In an era where sustainability and safety take center stage, N-(3-aminopropyl)-N-dodecylpropane-1,3-diamine stands out as an eco-friendly solution. It is readily biodegradable, minimizing its impact on the environment. Additionally, its non-toxic nature ensures it poses no harm to humans or animals when used as directed.

Enhanced Stability and Shelf Life

Another key advantage of N-(3-aminopropyl)-N-dodecylpropane-1,3-diamine is its remarkable stability, even under various temperature and pH conditions. This enables it to maintain its effectiveness and efficacy over extended periods, ensuring a longer shelf life compared to alternative surfactants and catalysts. Industries can rely on this compound to deliver consistent performance and achieve optimal results, reducing the need for frequent replacements and increasing cost-effectiveness.

Unlocking Innovation

The unique properties of N-(3-aminopropyl)-N-dodecylpropane-1,3-diamine pave the way for exciting innovations and advancements across multiple fields. Its capacity to enhance drug solubility and bioavailability makes it a valuable asset for pharmaceutical companies. In the agricultural sector, it can assist in formulating crop protection agents and fertilizers that optimize plant health and yield. Furthermore, its compatibility with a variety of substances allows it to serve as a catalyst in numerous chemical reactions, enabling scientists to explore new synthesis routes and accelerate discovery.

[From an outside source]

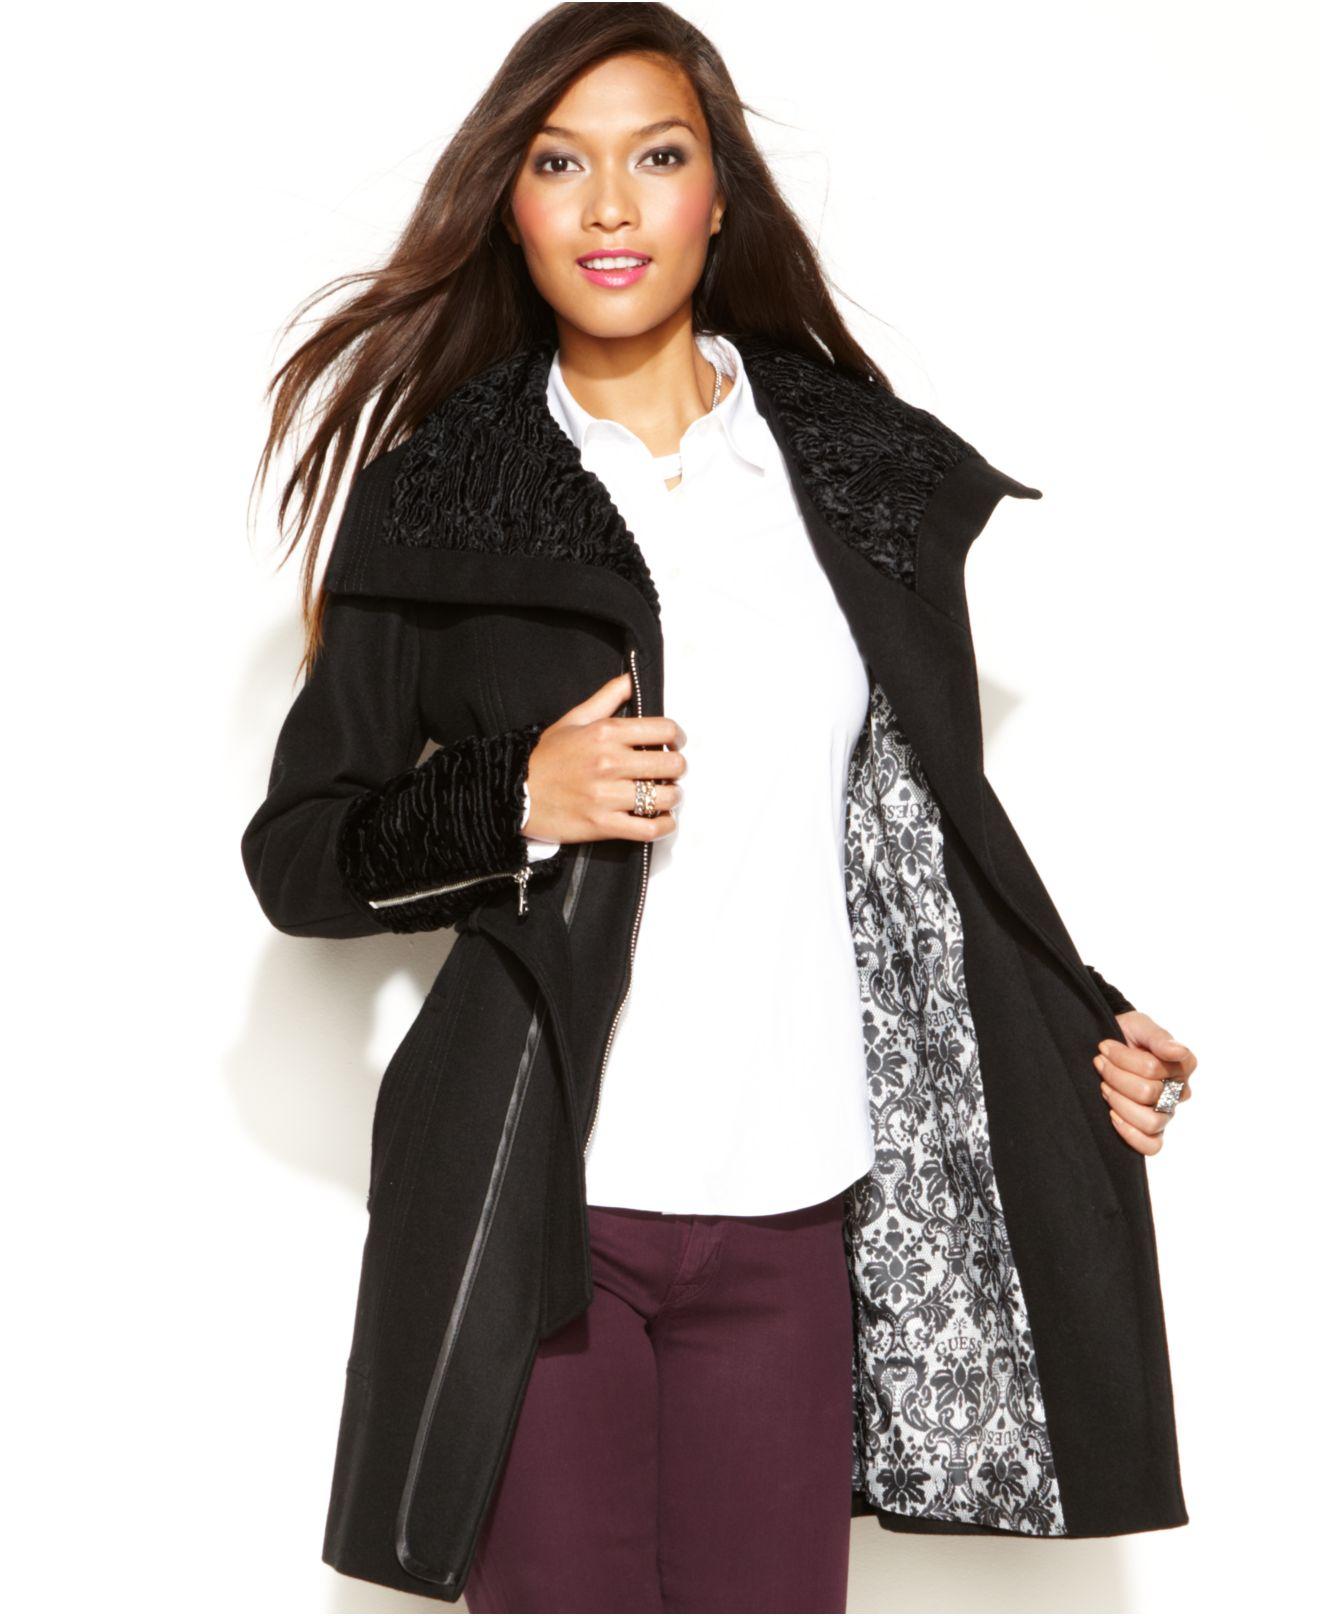 Guess Wool-Blend Faux-Fur-Trim Belted Coat in Black | Lyst

Embrace the Power of N-(3-aminopropyl)-N-dodecylpropane-1,3-diamine

From its incredible versatility to its eco-friendly nature, stability, and ability to unlock innovation, N-(3-aminopropyl)-N-dodecylpropane-1,3-diamine continues to prove its worth in the world of surfactants and catalysts. Whether you are a researcher, manufacturer, or enthusiast in the field, considering this compound opens up a world of possibilities. Embrace the power of N-(3-aminopropyl)-N-dodecylpropane-1,3-diamine, and witness the transformative impact it can have in your industry.

Are you a special quaternary ammonium compounds enthusiast looking to dive into the world of Tetramethyl Ammonium Acetate Monohydrate? You’re in the right place! In this blog post, we’ll explore the properties, applications, and provide some valuable tips and tricks to help you make the most of this fascinating compound.

Understanding Tetramethyl Ammonium Acetate Monohydrate

Tetramethyl Ammonium Acetate Monohydrate, with its CAS No. 10581-12-1, is an essential quaternary ammonium compound commonly used in various industries. It is a white crystalline powder that is highly soluble in water and organic solvents. Its unique chemical structure and properties make it a versatile compound with a wide range of applications.

Applications of Tetramethyl Ammonium Acetate Monohydrate

1. Phase-Transfer Catalyst: Tetramethyl Ammonium Acetate Monohydrate is widely used as a phase-transfer catalyst in organic synthesis. It helps facilitate reactions between immiscible phases, enabling efficient and selective chemical transformations.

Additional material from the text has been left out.